> _Exercise details_: Return verbatim the lines that run from the one holding "Plus Size Cosa" to the end of the listing, both ends included, without the pictures.

> _Supplied material_:
- Opening Delimiter -

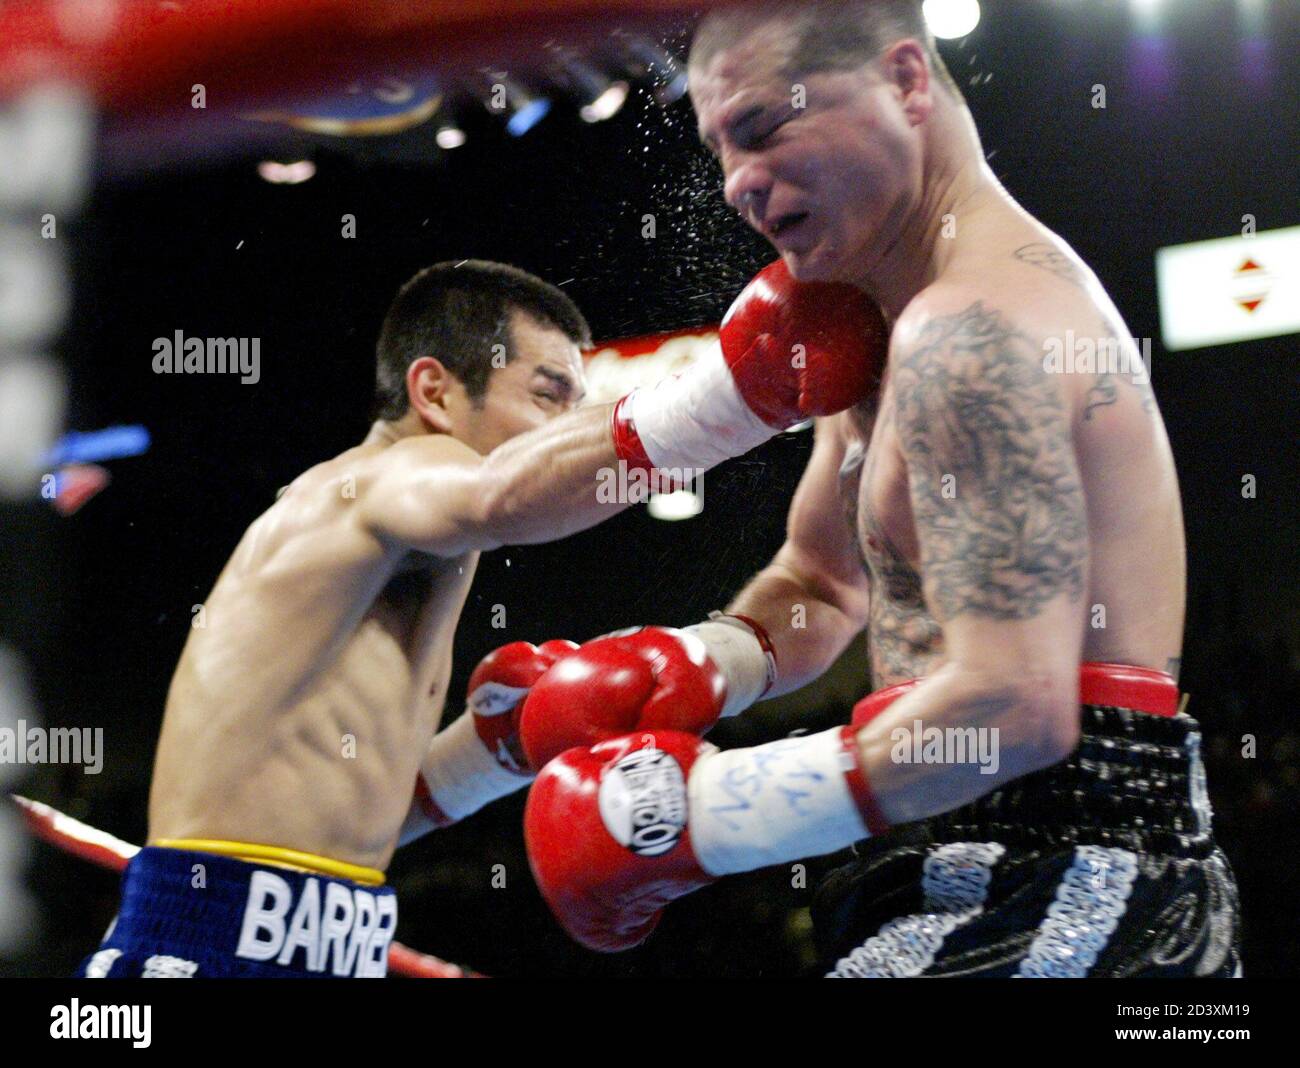 Featherweight boxer Marco Antonio Barrera (L) of Iztacalo, Mexico, lands a right on Johnny Tapia of Albuquerque, New Mexico, during the fourth round of a 12-round fight at the MGM Grand Garden Arena Las Vegas, Nevada, November 2, 2002.  Barrera won the bout by unanimous decision. Stock Photo
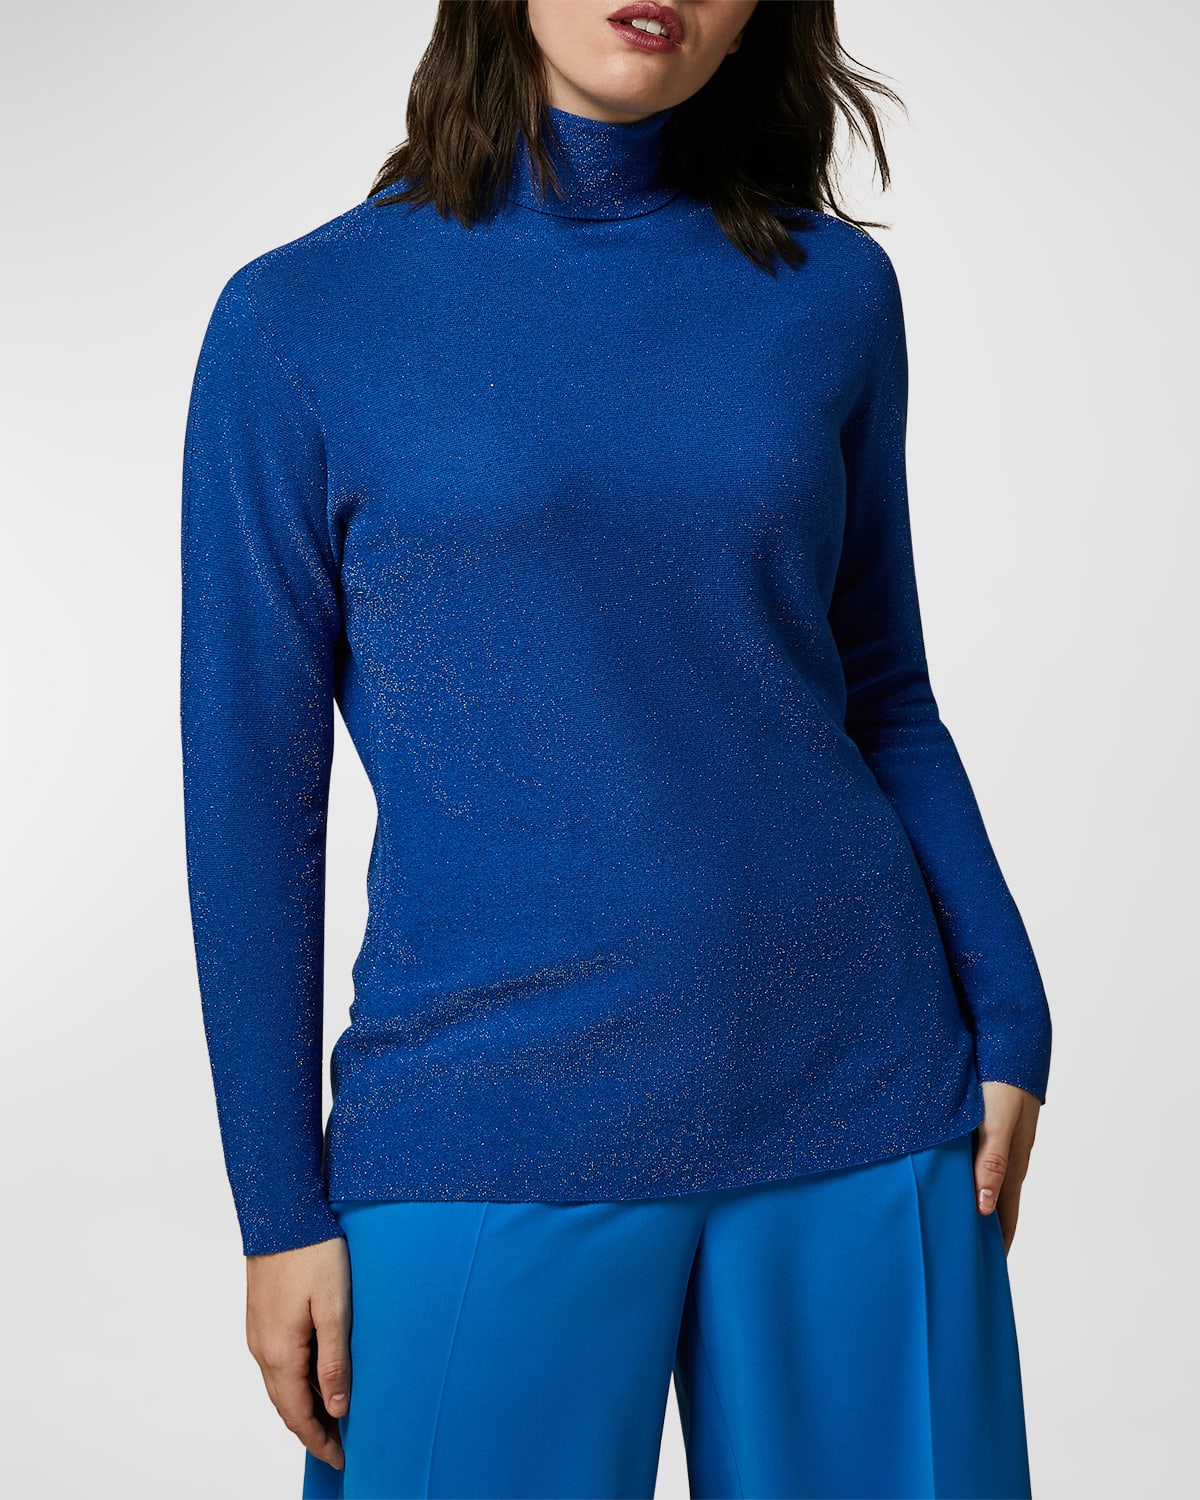 Plus Size Cosa Shimmer-Knit Turtleneck Sweater
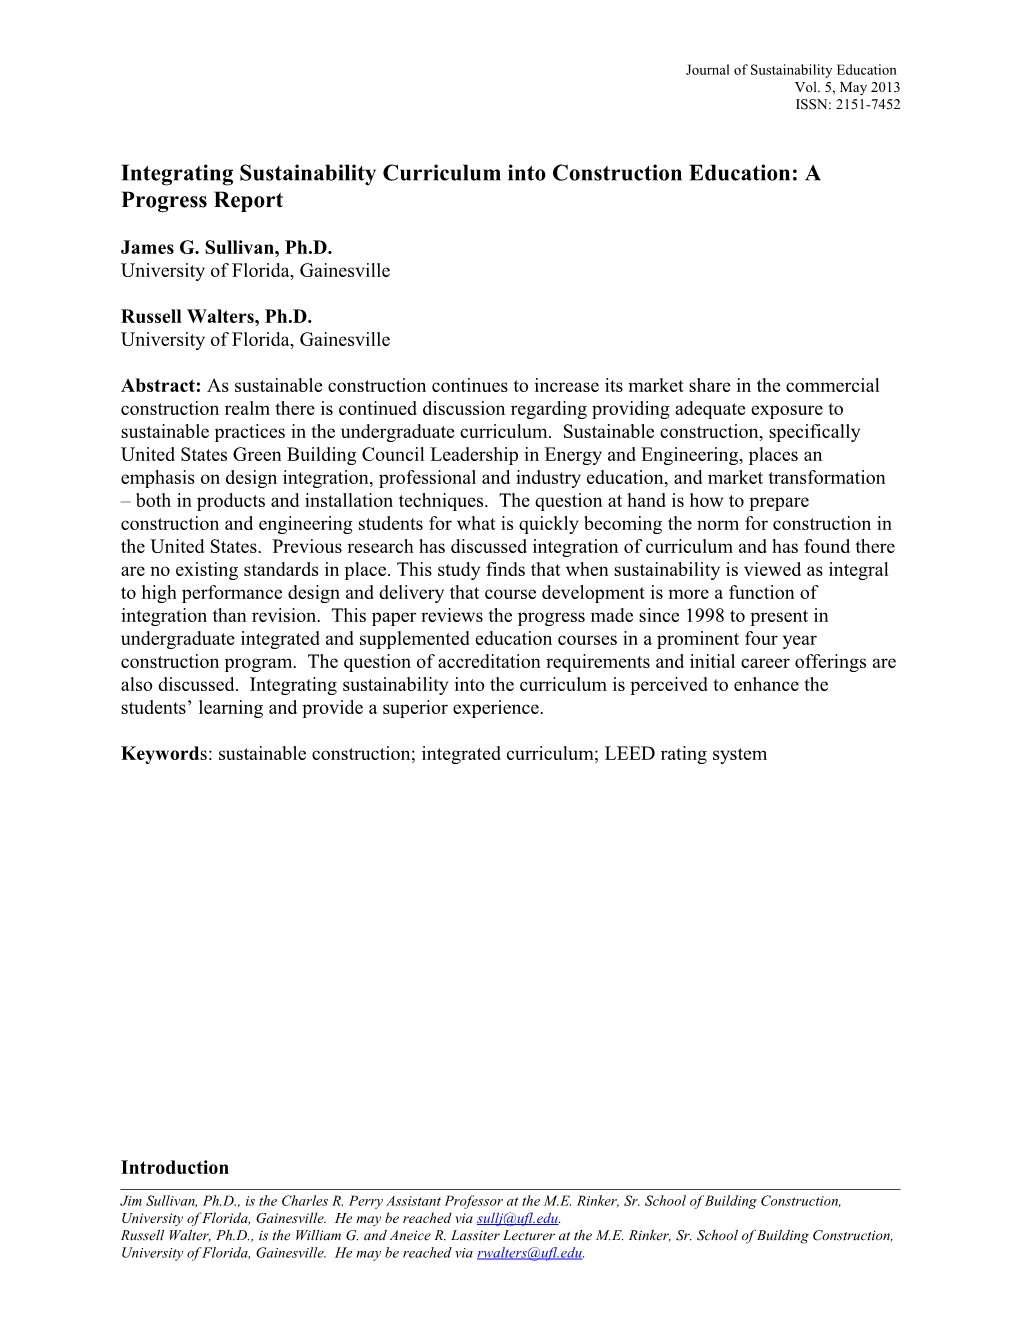 Integrating Sustainability Curriculum Into Construction Education: a Progress Report
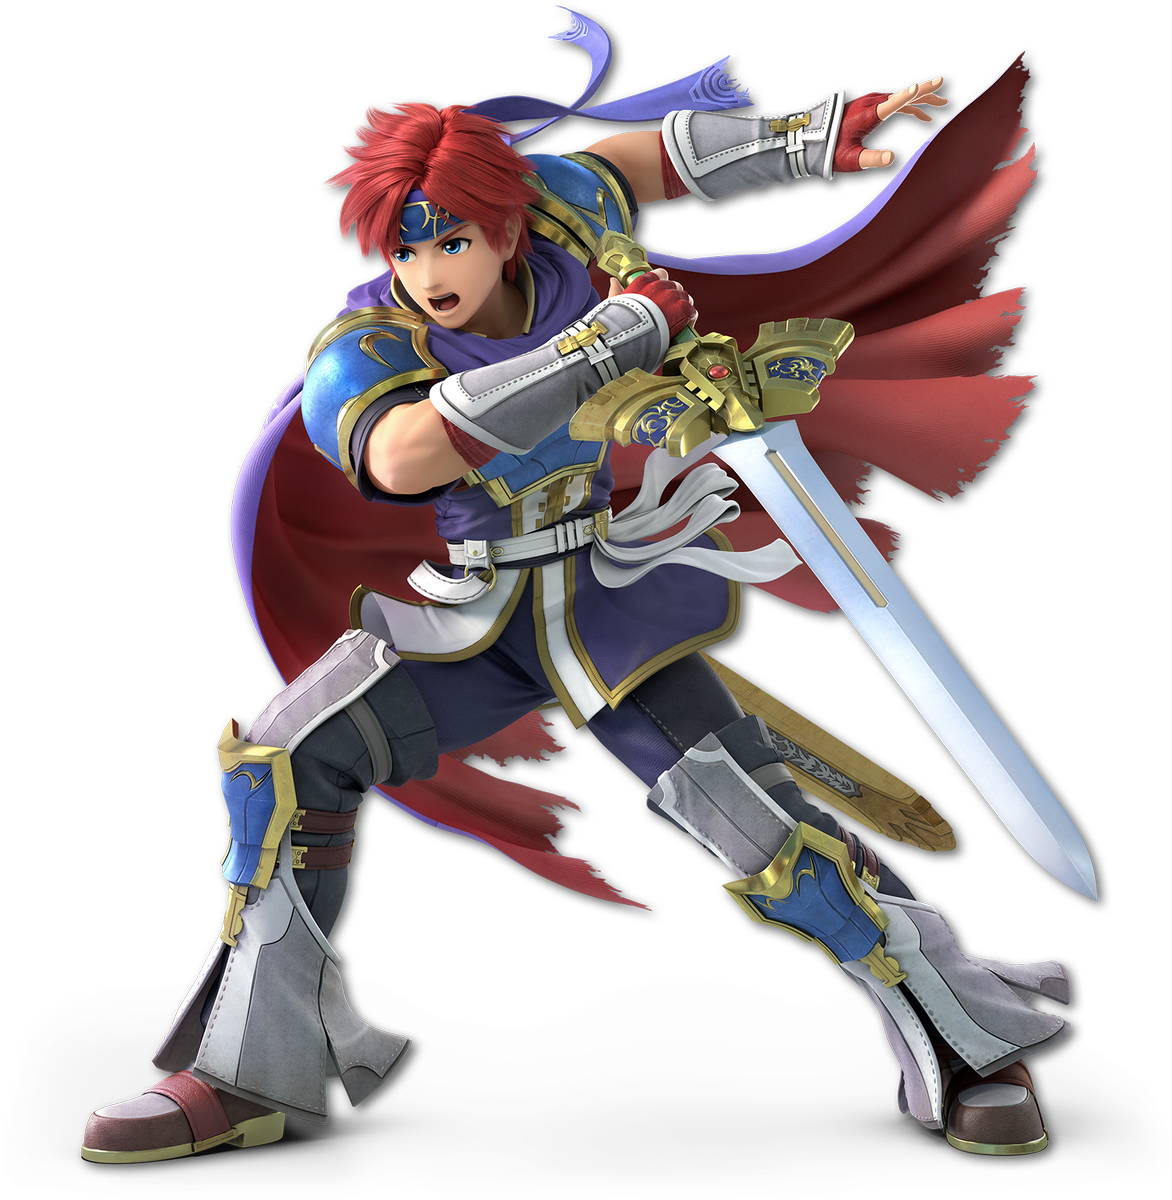 1 Reply 2 Retweets 6 Likes - Super Smash Bros Ultimate Roy (1172x1200)

- Closing Delimiter -

> _Response area_:
 Plus Size Cosa Shimmer-Knit Turtleneck Sweater
 Integrating Sustainability Curriculum Into Construction Education: a Progress Report
 1 Reply 2 Retweets 6 Likes - Super Smash Bros Ultimate Roy (1172x1200)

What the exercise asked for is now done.